The museum's archive team dug up its own photos and received more contributions from family members for an image wall within the exhibit.

A number of people also donated old RCMP uniforms, clothing made by women from the communities and even an old dog bowl from Fort Reliance.

"Then Rae does the magic of making an exhibit with that," said Carr-Locke.

Working with the museum's graphic designer and multimedia specialist, Braden visualized how the exhibit would unfold.

"It's almost like a storybook," she said. "There should be a beginning, where we introduce the ideas and then take people on a bit of a journey through the space to give them a sense of why these special constables were so important."

Between the late 1930s to mid-1960s, the goal of RCMP patrols was often to check-in on communities and assert Canada's sovereignty in the North, according to Carr-Locke.

But many Mounties had no experience in the North and needed help.
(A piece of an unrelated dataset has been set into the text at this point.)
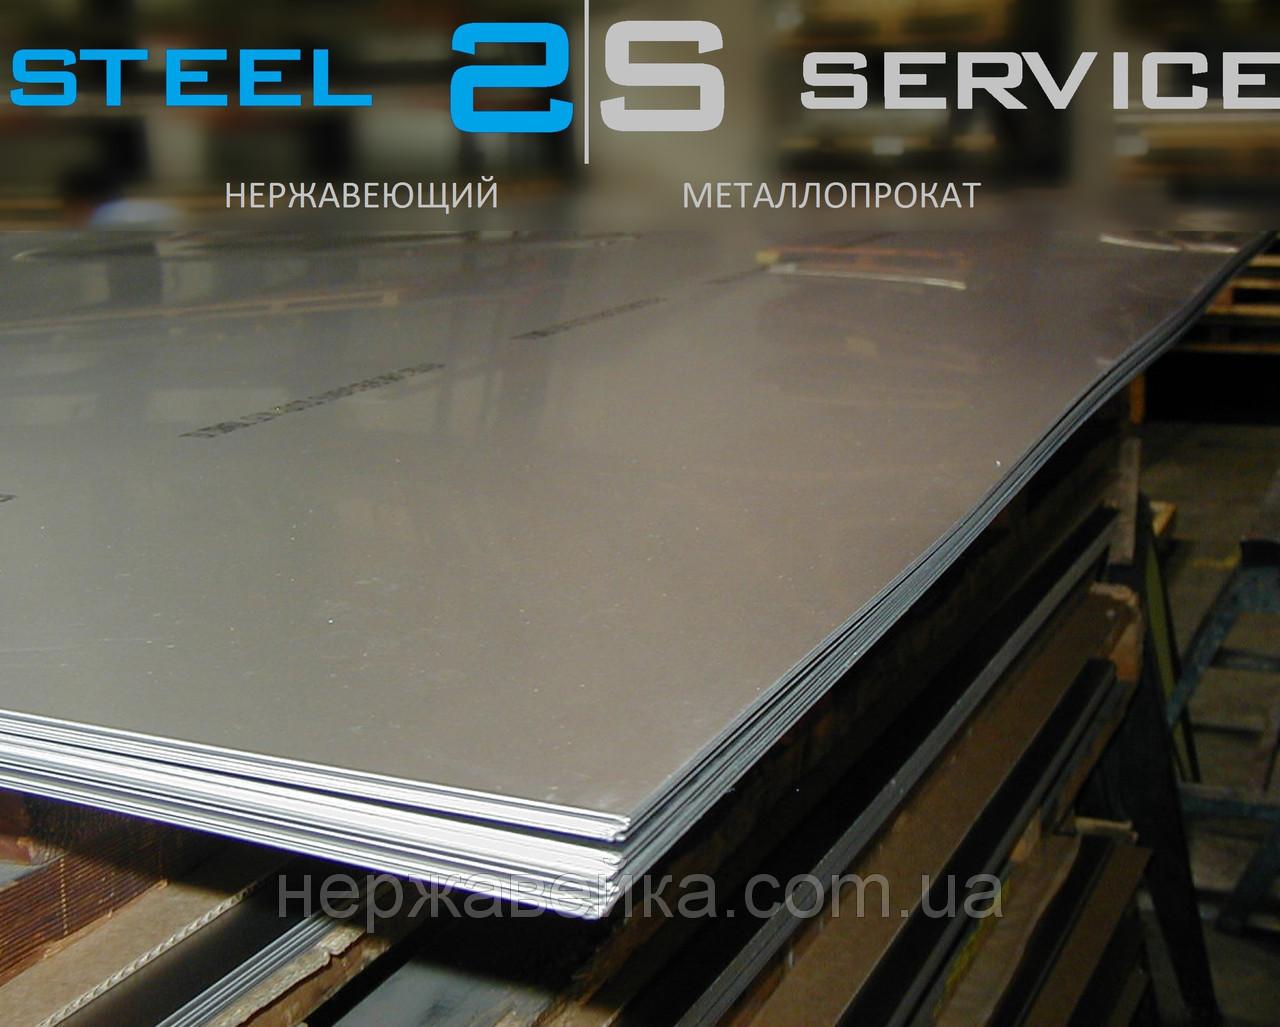 Нержавеющий лист 1,5х1250х2500мм  AISI 309(20Х23Н13, 20Х20Н14С2) 2B - матовый,  жаропрочный

Whole communities from across the NWT pitched in to teach them how to live, including women who made clothes and cooked, Carr-Locke said.

"What we heard over and over again in the interviews is … 'They would have died without us,'" she said. "We're really trying to honour that history and honour the role of these people."

With the research done, photos printed and objects mounted, Braden said now is the "fun" part.

On Tuesday morning, she could be seen scurrying around the exhibit space, where a ladder and table of tools still stand and pieces of paper taped to walls map out how the final product will look.

"All of the little pieces of that puzzle are starting to click in together," she said.

"We're really just fine-tuning how we're installing things."

The exhibit officially opens to the public Aug. 4, when Daniel Dubeau, acting commissioner of the RCMP, will make a guest appearance.

Special constables and their families are also being invited to take part in a pre-opening and dinner.

"That's really who we're making this exhibit for," said Braden.

"So that's kind of our real test – hoping that they come in and they see themselves or they see their family represented in a way that we're trying to honour."